To run the character language model with add smoothing and the default arguments:
python letterLangId.py
To run the word language model with add smoothing and the defualt arguments:
python wordLangId.py
To run the word language model with Good Turing smoothing and the defualt arguments:
python wordLangId2.py
The letter bigram model cannot be implemented without smoothing because unknown bigrams would results in 0 frequency values leading to issues when calculating the entire sentence's conditional probability. Also, if the entire training set is included in the vocabulary, a probably can't be calculated for bigrams that begin with an unknown word due to errors when dividing by 0. This problem can be resolved with add one smoothing because it removes 0 counts in the data. The letter bigram model with add one smoothing correctly predicted 297/300 of the lines in the test corpus. Given the strong performance with add one smoothing, it seems like an effective solution to the zero count problem.
In addition to add one smoothing, I set the unknown threshold to 30. Given the overall frequency of a character within our corpora, a threshold of 30 will not affect that vocabulary size, but just remove erroneous characters. However, this threshold of 30 (which can be changed by the user) does not seem to affect performance and yields the same results as a threshold of 0.
Just like the letter bigram model, the word bigram model cannot be implemented without smoothing either unless you set a threshold for the training set to be included in the vocabulary and introduce unknown tokens. Since the corpora is small and in turn, the vocabulary, it's best to implement smoothing versus a threshold for out of vocabulary words. Therefore, the default threshold is set to 0 to not drastically reduce the vocabulary. If the training corpora was exponentially larger, the user may want to consider a threshold of 30 to manage the vocabulary size and reduce the risk of including typos from a corpus.
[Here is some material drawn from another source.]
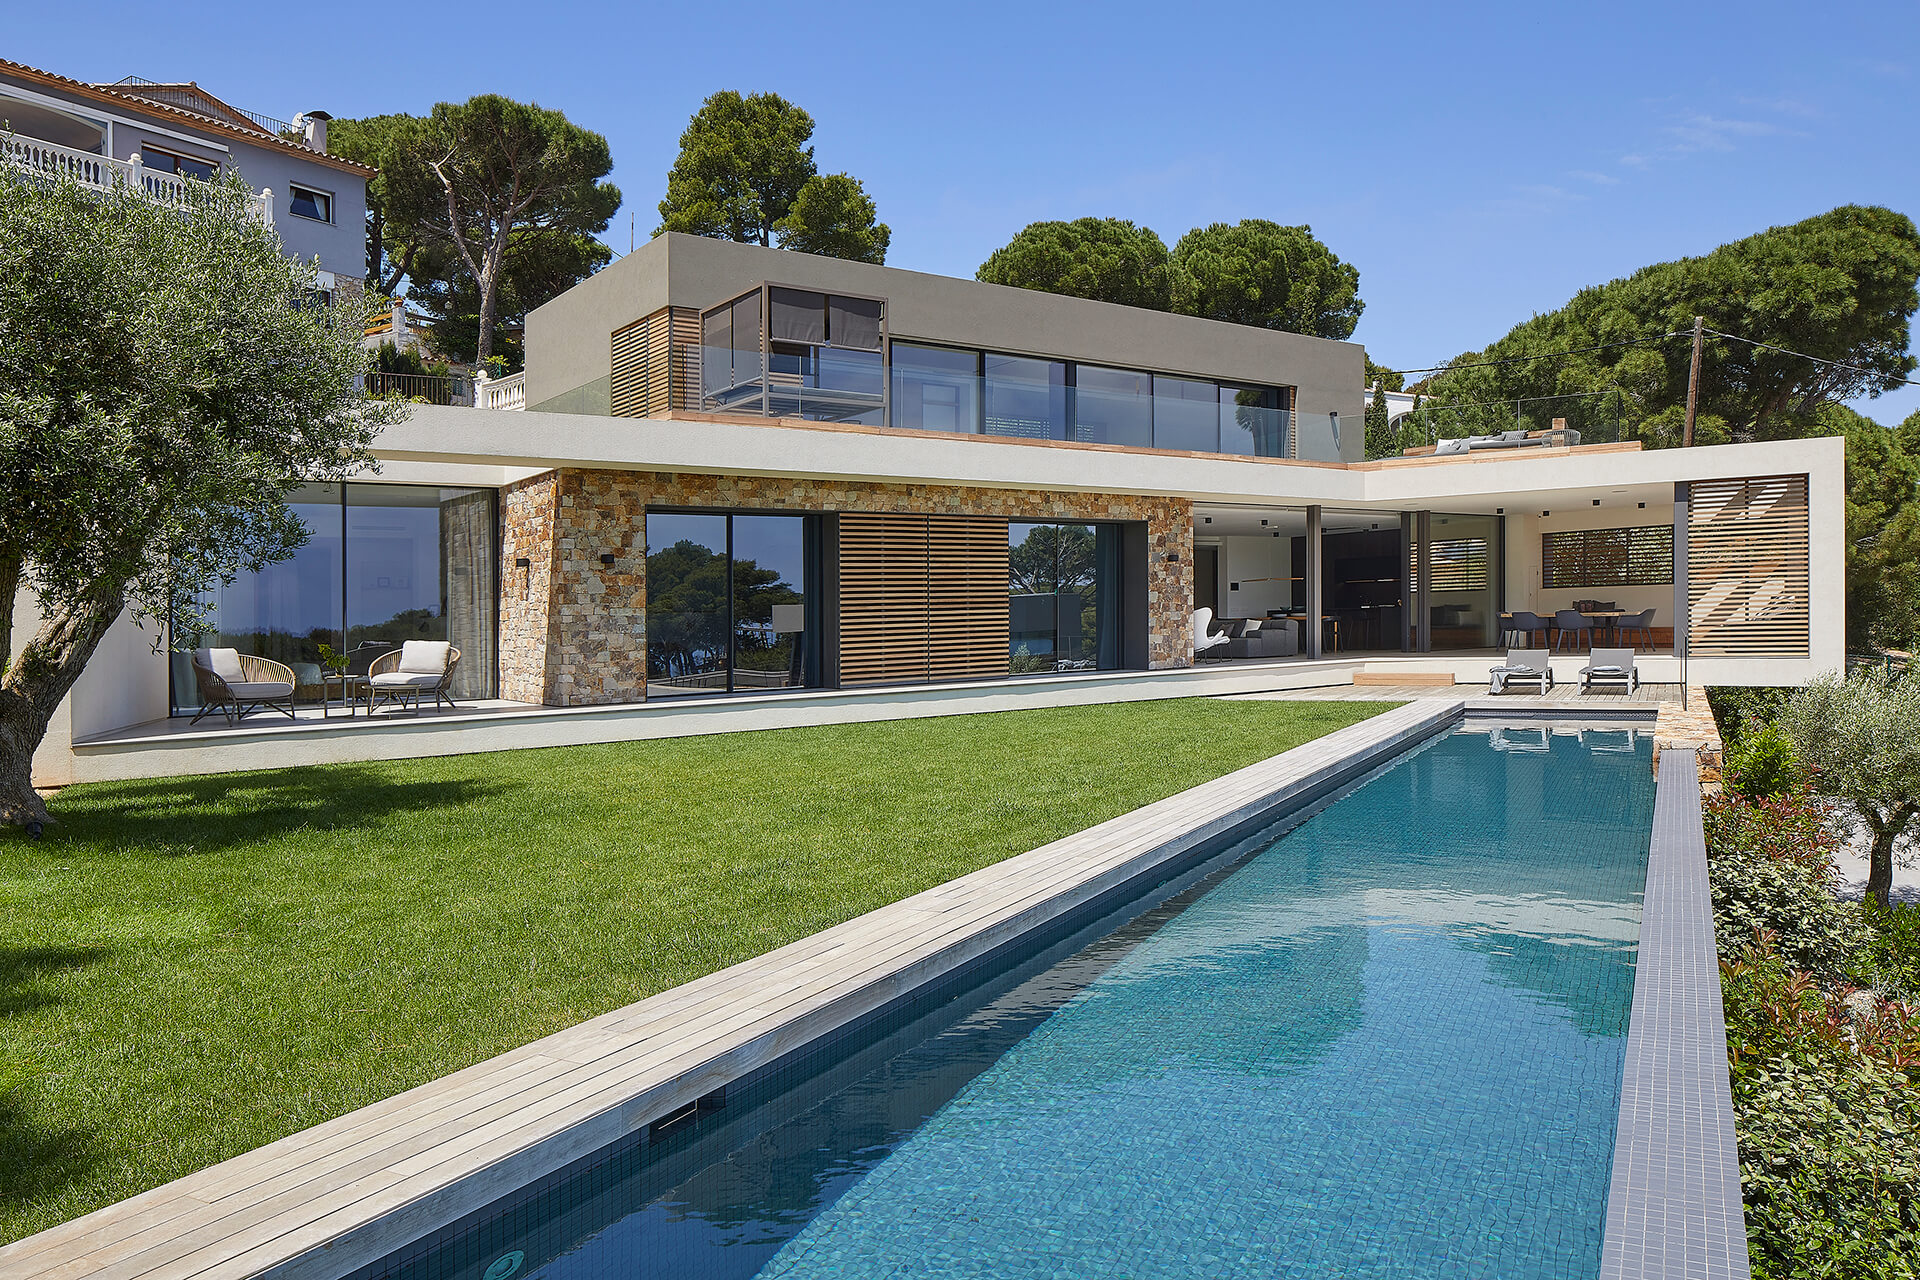 Home designed by Jané & Font with swimming pool

Smoothing is even more important for a word level model than character level due to the larger number of words than characters in a given language and in turn, a higher occurence of rare events. Given the simplicity of add one smoothing versus other smoothing techniques, I implemented it and it results in predictions that were correct 298/300 times.
Another approach for handling zero frequencies than add one smoothing that I evaluated is Good Turing smoothing. This method adjusts the frequency to shift some of the probability to unseen events. Rather than blindly adding one to each frequency, it takes into account the existing frequencies in the training corpus. I applied the same unknown threshold of 0 for the reasons described in question two and saw results of 299/300 correct predictions.
Given the results from my experiement, the language model with Good Turing smoothing performed the best and therefore, should be utilized. Given the small size of our corpora, computational efficiency is not a huge consideration and therefore, performance should be prioritized. If our corpora was much larger and/or training time was a consideration, the word model with add one smoothing may need to be considered due to the computational cost of adjusting frequencies. If memory constraints were an issue, a character level model would have a smaller vocabulary and could potentially perform better than a word level model with a heavily pruned vocabulary. However, given the tradeoffs and the use case of this homework, I would go with the language model with Good Turing smoothing and an unknown threshold of 0.